Simplifying tensor operations with einops library
Let's look at an example of reshaping a tensor with einops. Assume we have a 4D shape tensor (batch_size, height, width, channels) representing a batch of RGB photos. We wish to reshape the tensor to have the shape (batch_size, channels, height * width) so that we can multiply the flattened image features with a matrix.
Without einops, we'd have to reshape the tensor using several lines of code, like this:
import torch
# create a tensor of shape (batch_size, height, width, channels)
x = torch.randn((32, 64, 64, 3))
# reshape the tensor to have shape (batch_size, channels, height * width)
x = x.permute(0, 3, 1, 2) # move the channel dimension to the second axis
x = x.reshape((32, 3, 64 * 64)) # flatten the height and width dimensions
With einops, we can perform the same operation with a single line of code, like this:
from einops import rearrange
# create a tensor of shape (batch_size, height, width, channels)
x = torch.randn((32, 64, 64, 3))
# reshape the tensor to have shape (batch_size, channels, height * width)

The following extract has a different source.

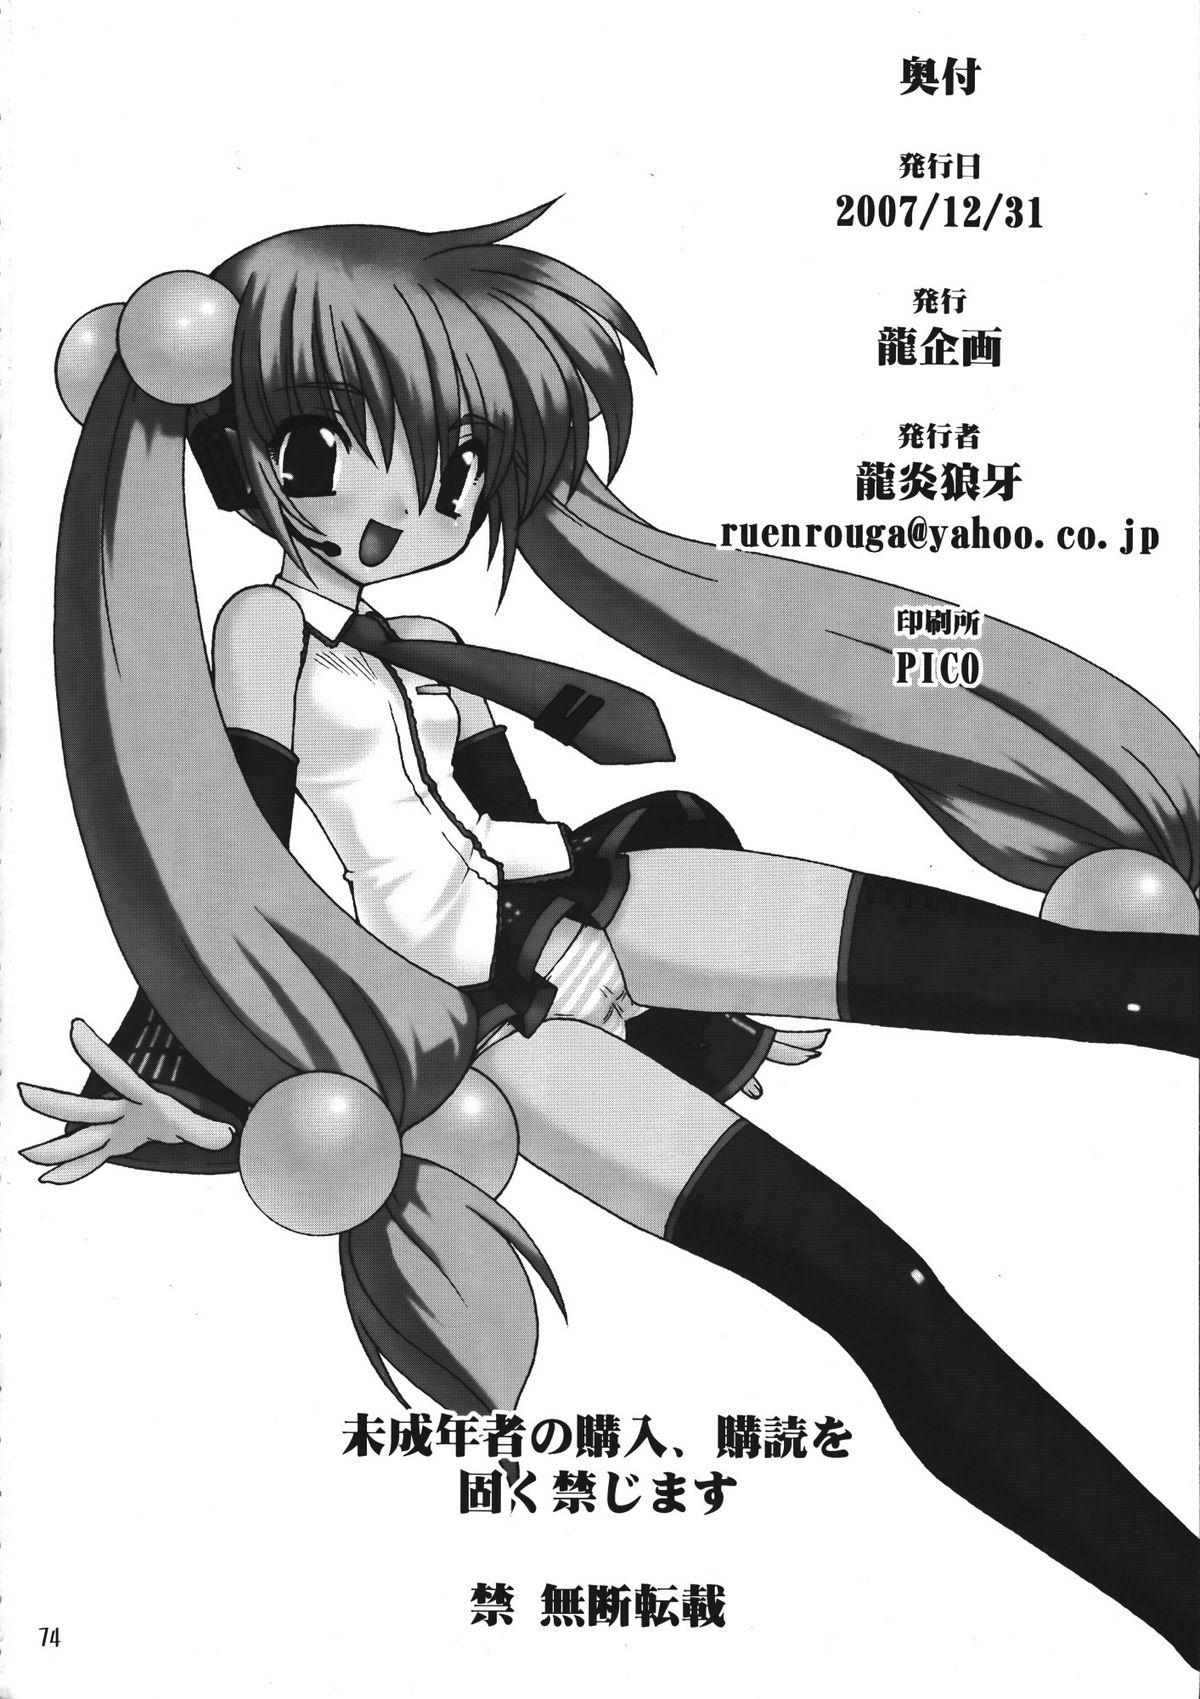 Perfect Body Mixture2 - Vocaloid Lucky star Kodomo no jikan Pure 18 - Page 74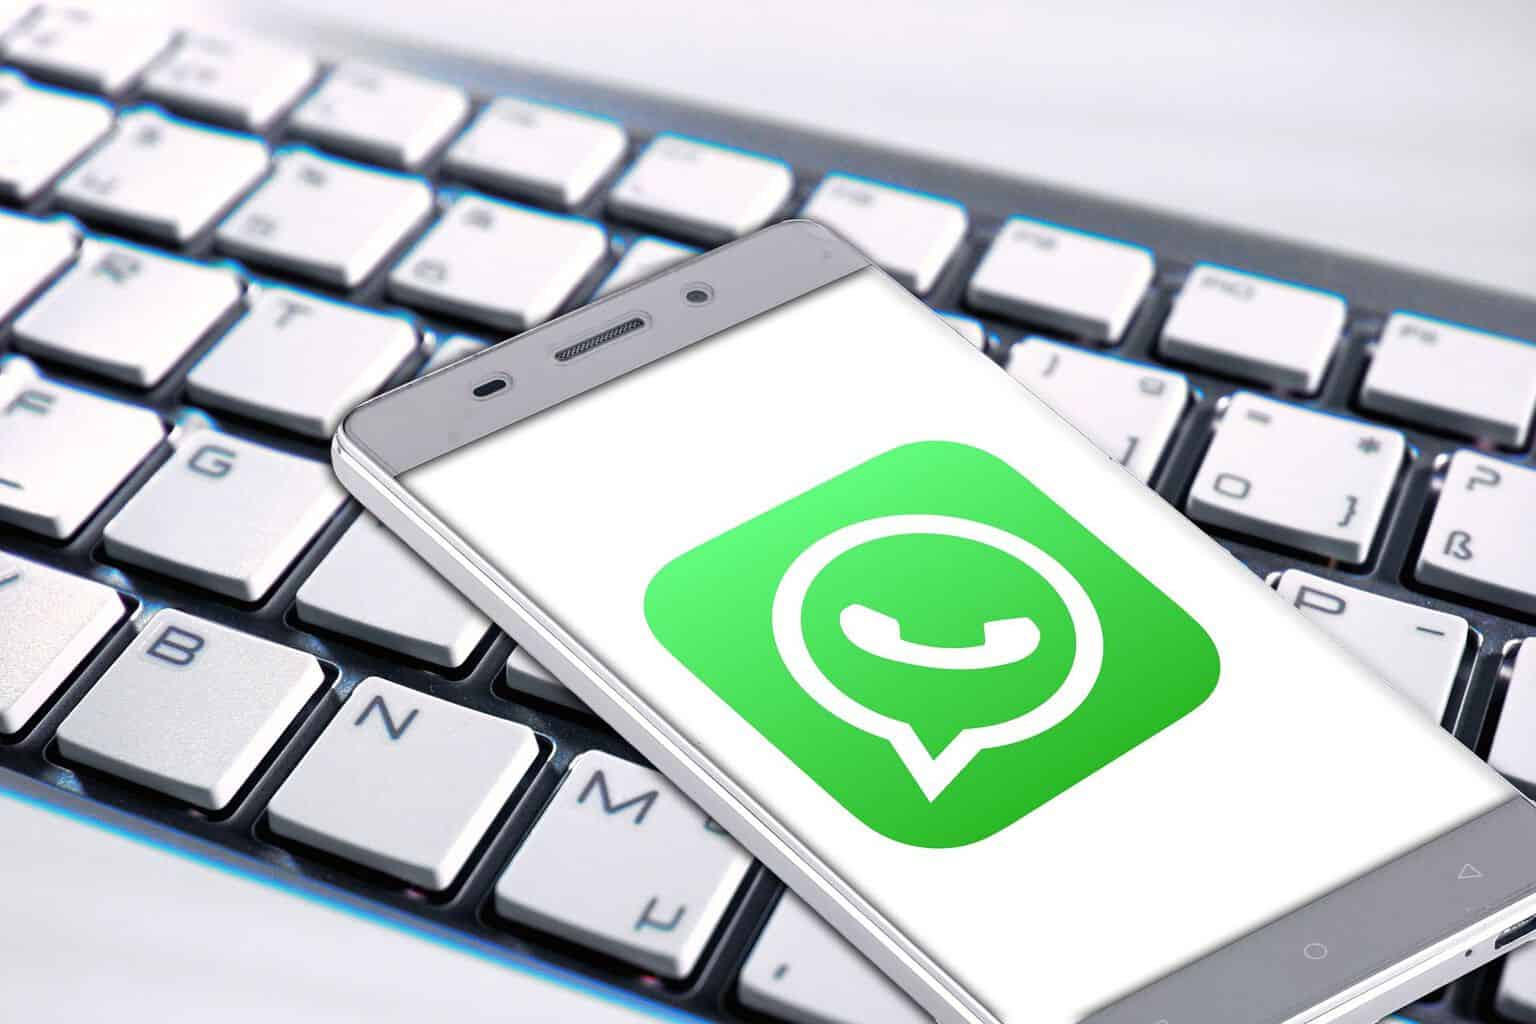 Download WhatsApp Plus Apk on Your Android Phone 1

x = rearrange(x, 'b h w c -> b c (h w)')
In einops, the rearrange function takes a tensor and a pattern string as input and rearranges the tensor according to the pattern string. The pattern string 'b h w c -> b c (h w)' in this example specifies that the tensor should be rearranged to have shape (batch_size, channels, height * width), where the first dimension of the input tensor remains unchanged, the third dimension becomes the output tensor's second dimension, and the second and fourth dimensions are flattened into a single dimension.
As you can see, employing einops makes reshaping tensors lot easier and more straightforward, especially when dealing with complex tensor operations.